* **Record excerpts**:
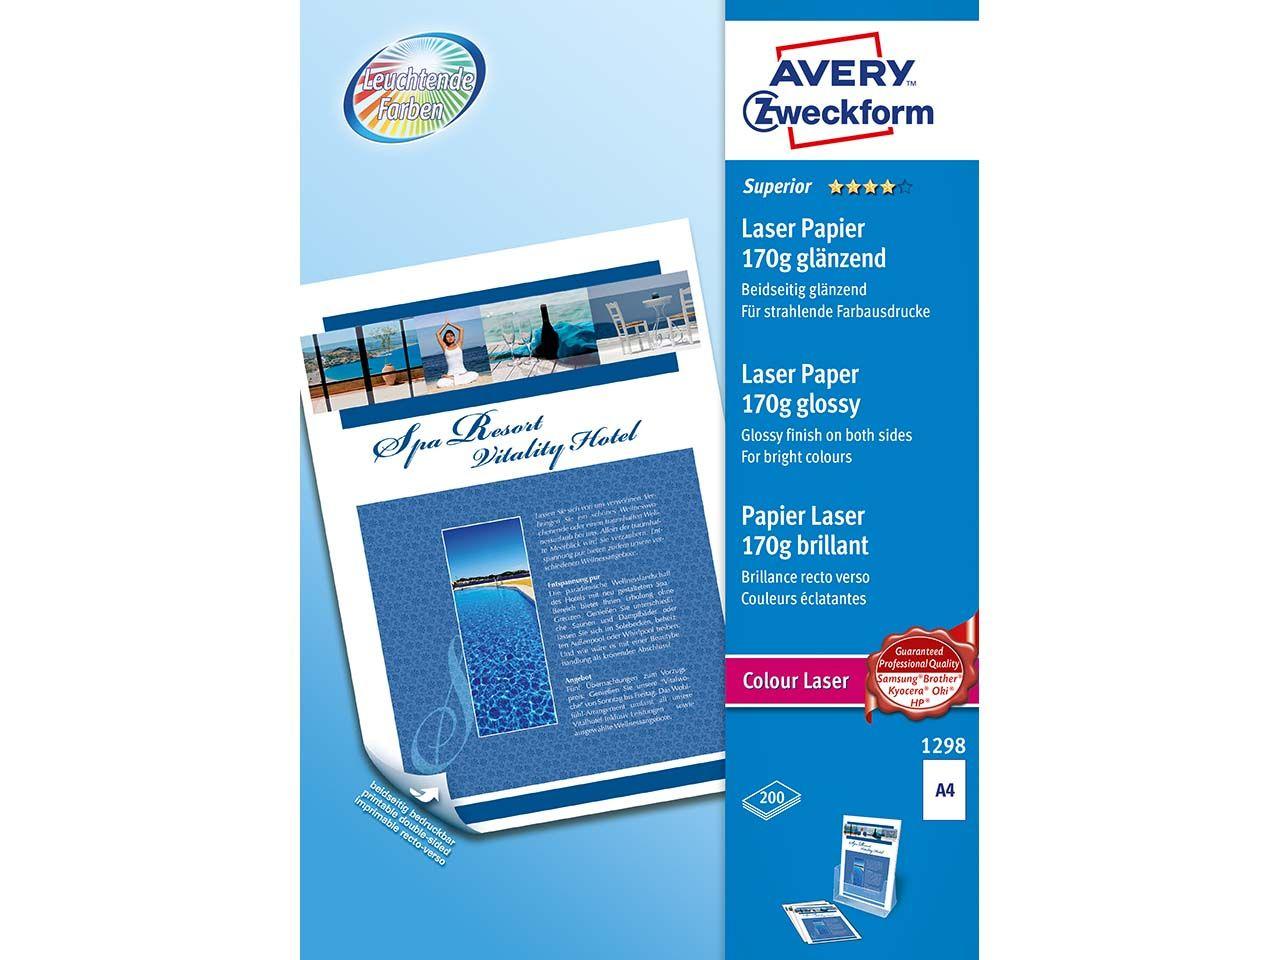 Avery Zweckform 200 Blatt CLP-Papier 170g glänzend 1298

...

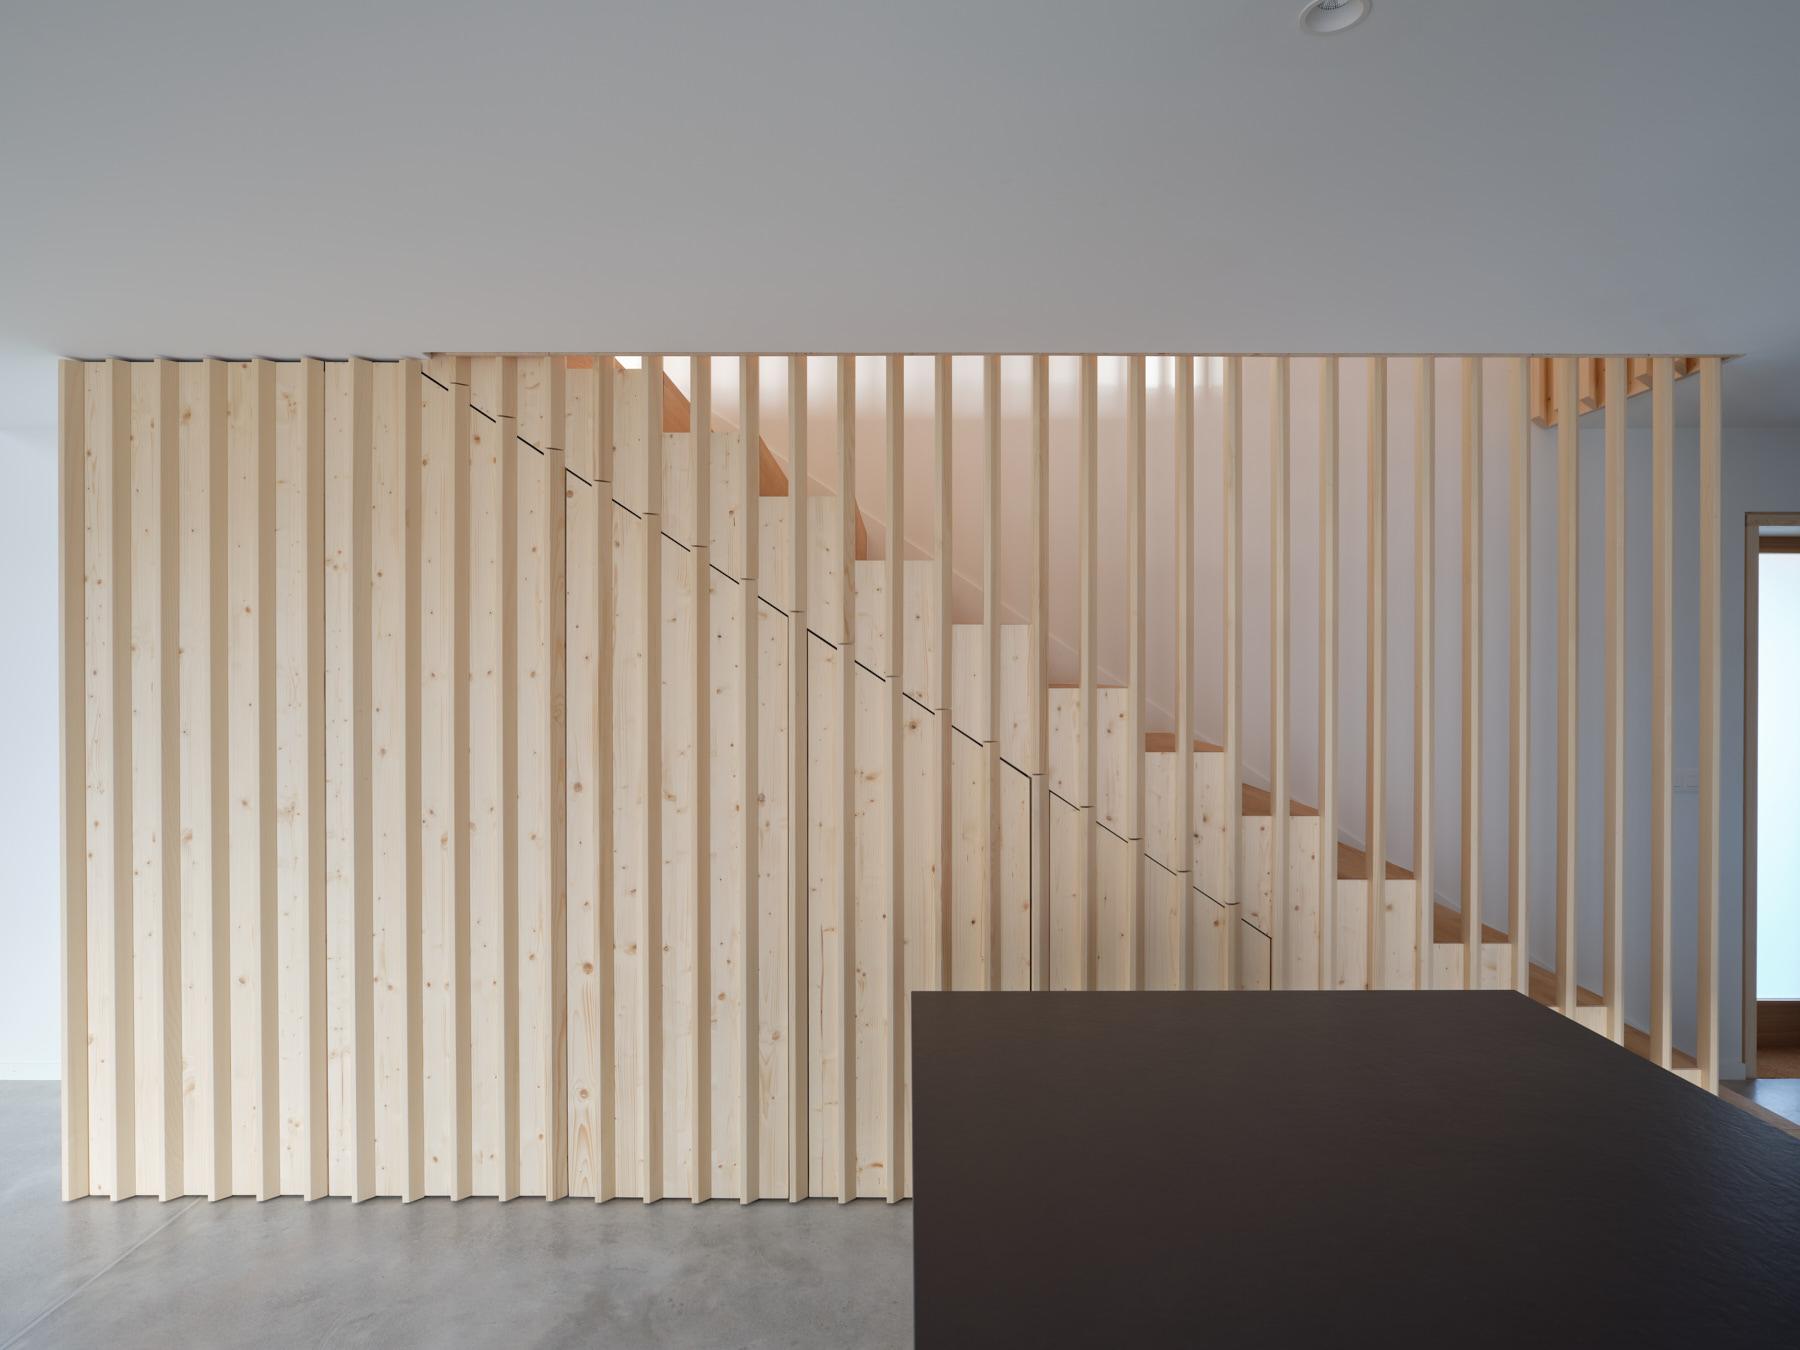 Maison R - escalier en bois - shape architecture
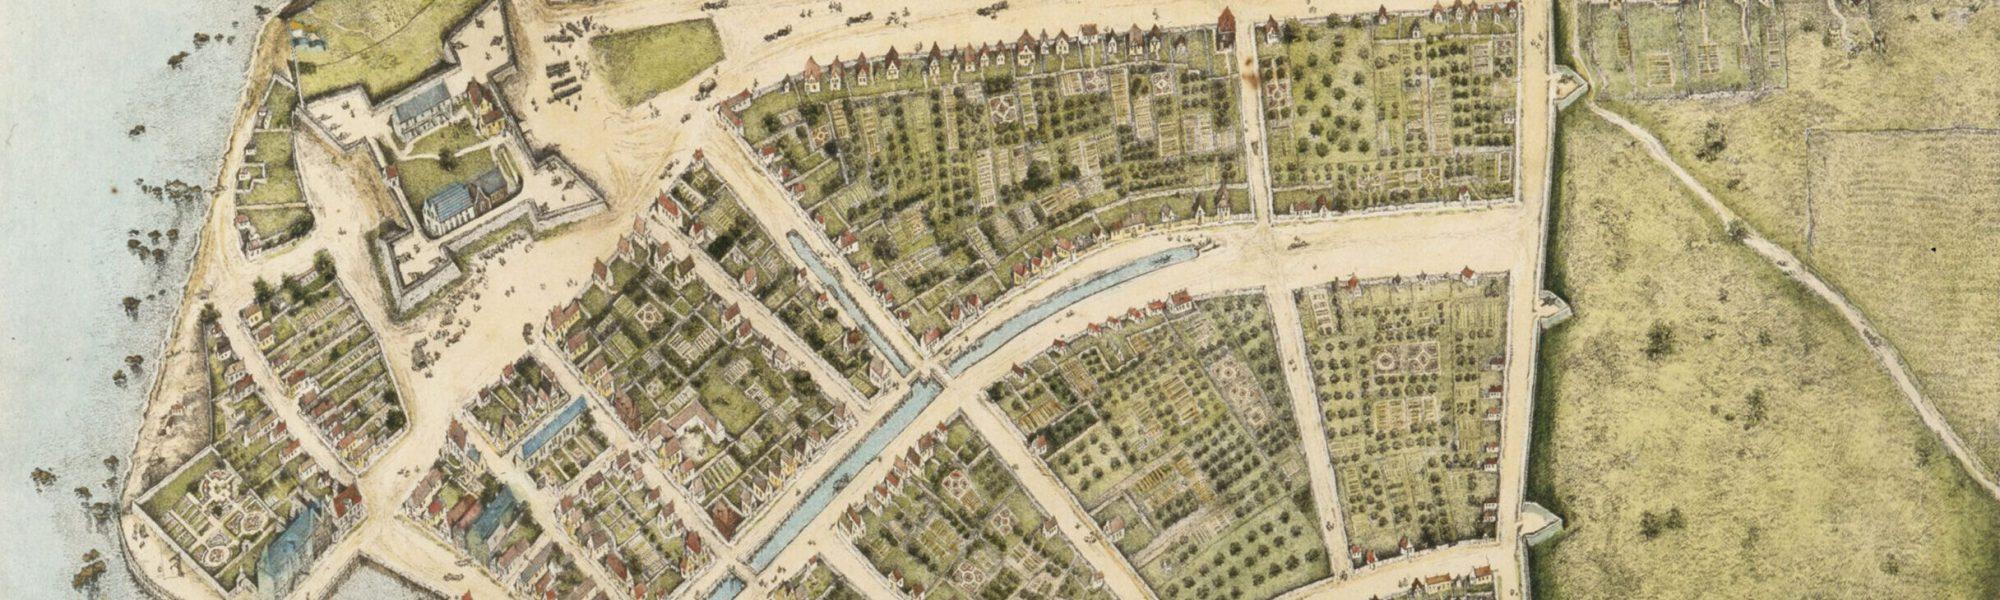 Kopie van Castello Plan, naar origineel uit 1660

* **What to do**: With the pictures removed from your copy, retype the lines above from the one that contains "Maison R - escalier" through the one that contains "Kopie van Castello", exactly.

* **Your response**:
 Maison R - escalier en bois - shape architecture
 Kopie van Castello Plan, naar origineel uit 1660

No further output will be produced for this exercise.